§ **INFORMATION SHOWN**

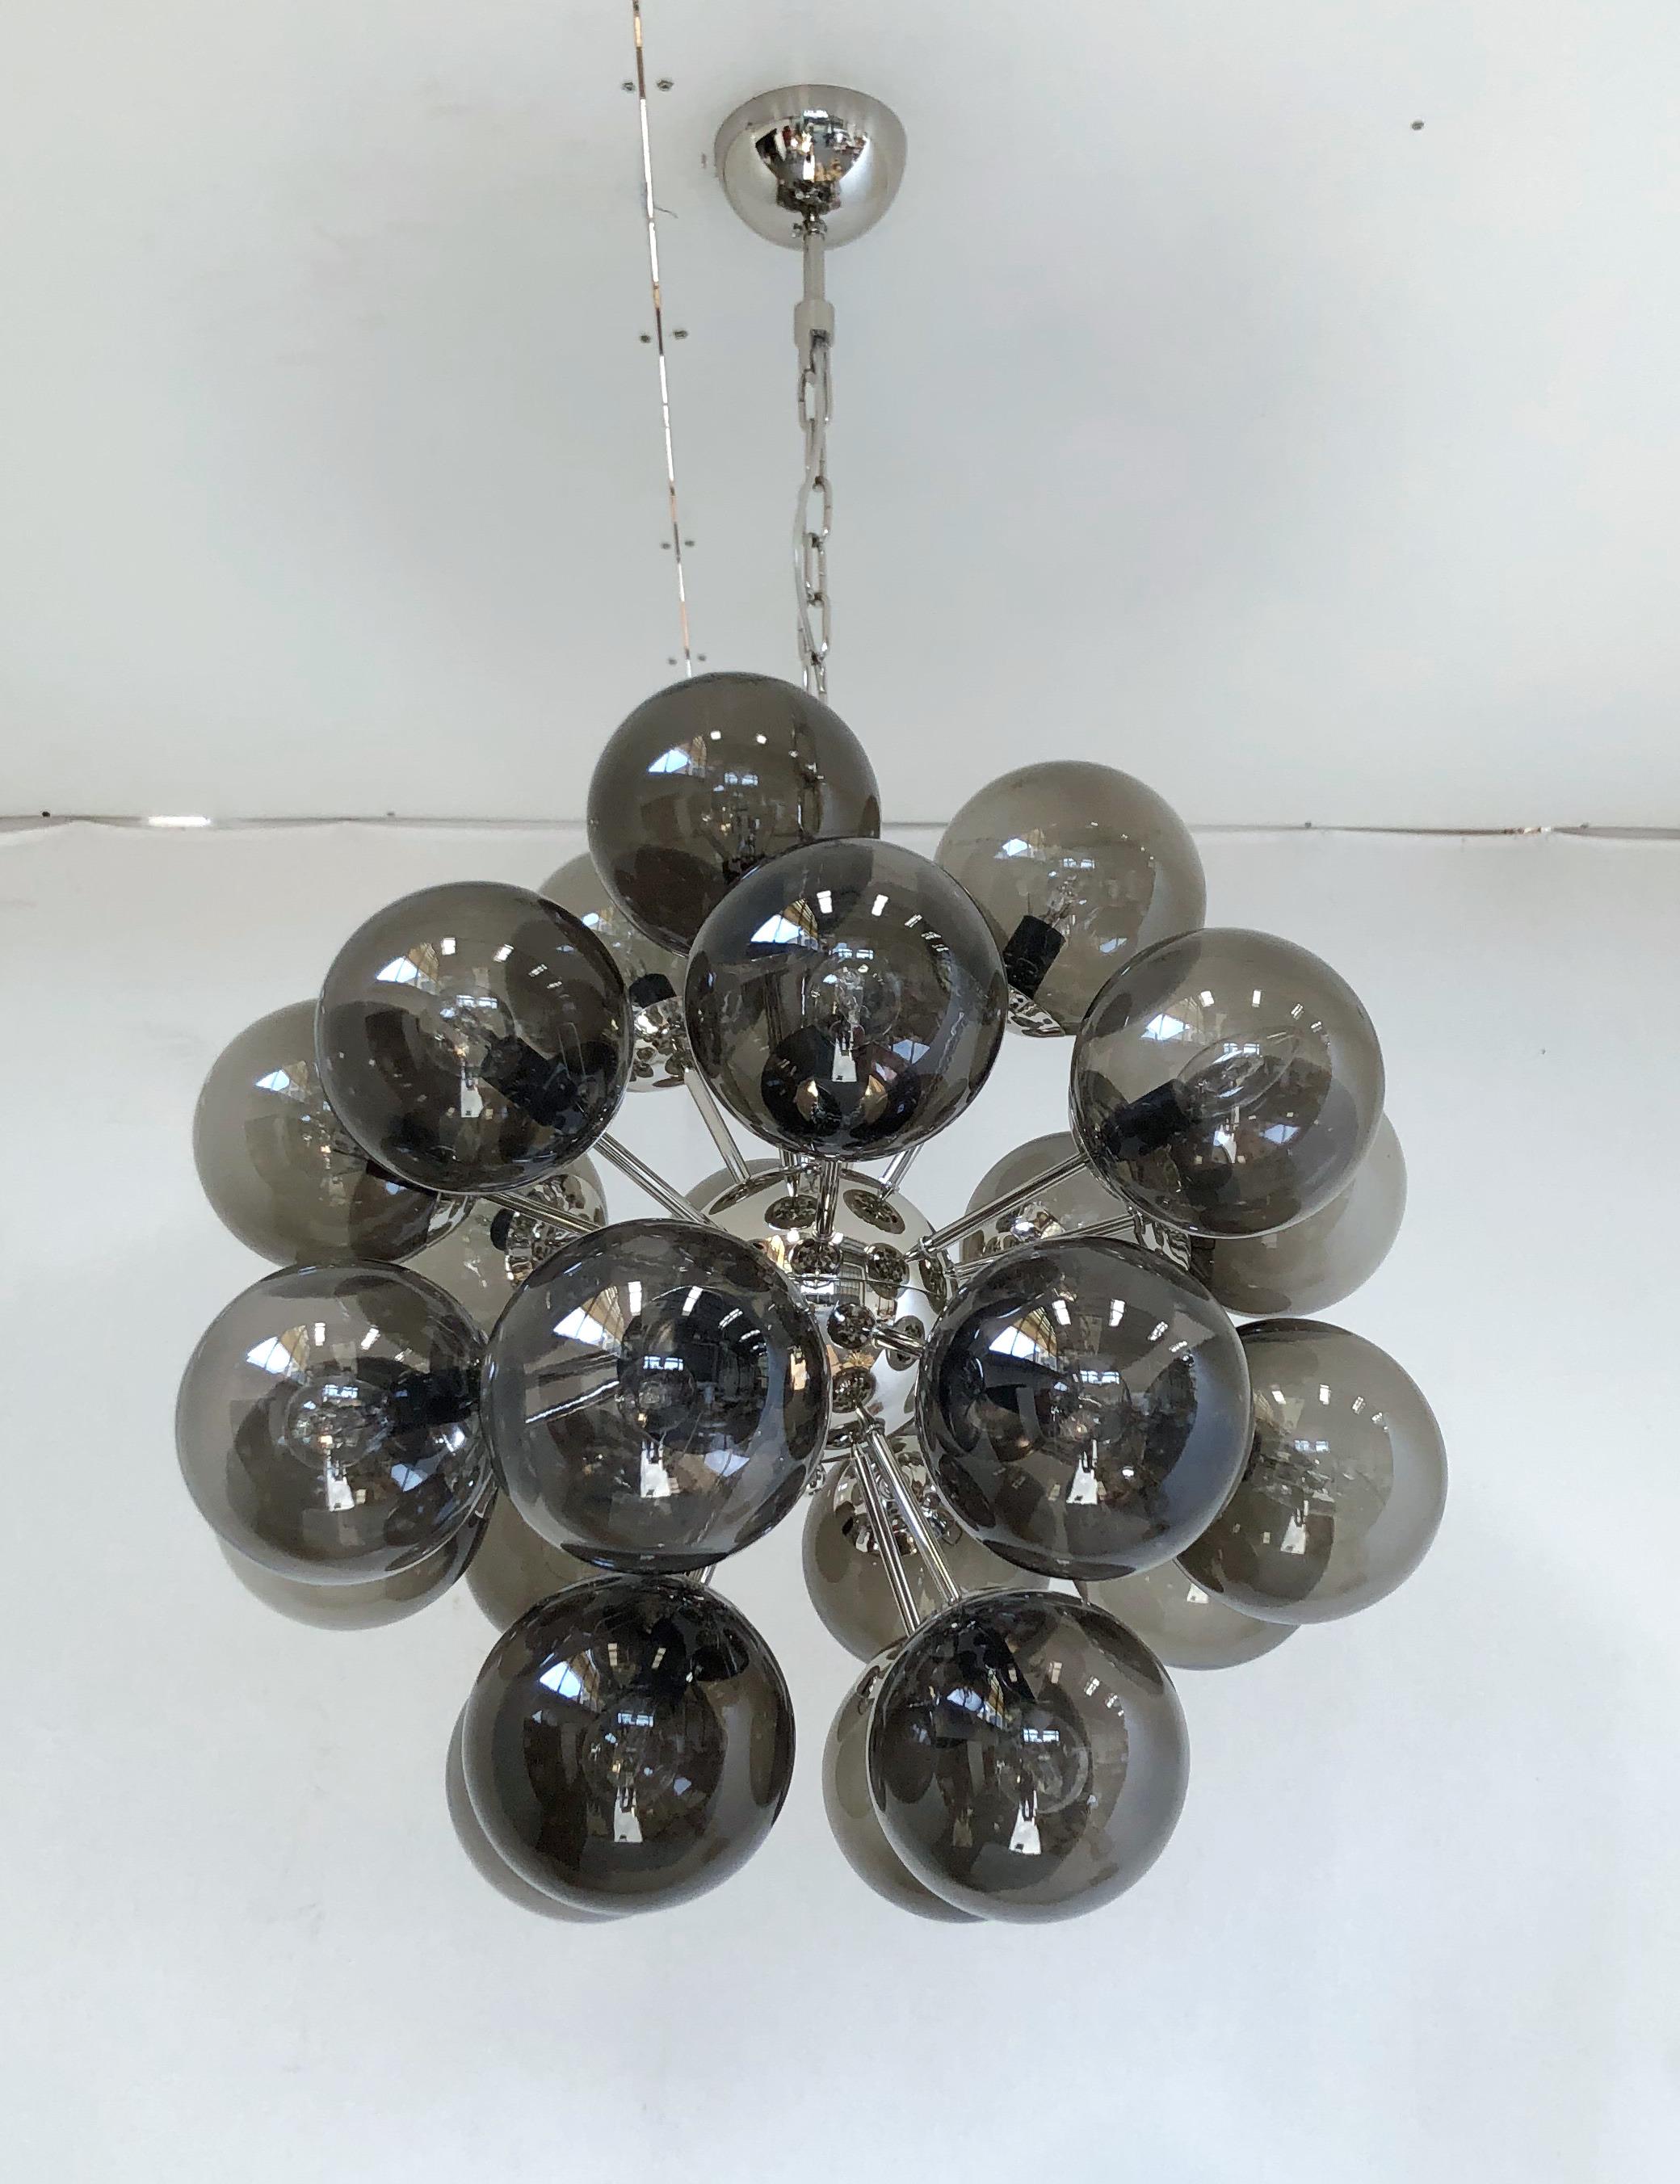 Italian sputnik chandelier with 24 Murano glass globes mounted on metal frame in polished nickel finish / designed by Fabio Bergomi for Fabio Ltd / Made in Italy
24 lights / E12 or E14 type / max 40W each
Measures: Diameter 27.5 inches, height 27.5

§ **WHAT YOU HAVE TO DO**
Excluding the images, copy all of the material above verbatim.

§ **TASK ANSWER**
 Italian sputnik chandelier with 24 Murano glass globes mounted on metal frame in polished nickel finish / designed by Fabio Bergomi for Fabio Ltd / Made in Italy
24 lights / E12 or E14 type / max 40W each
Measures: Diameter 27.5 inches, height 27.5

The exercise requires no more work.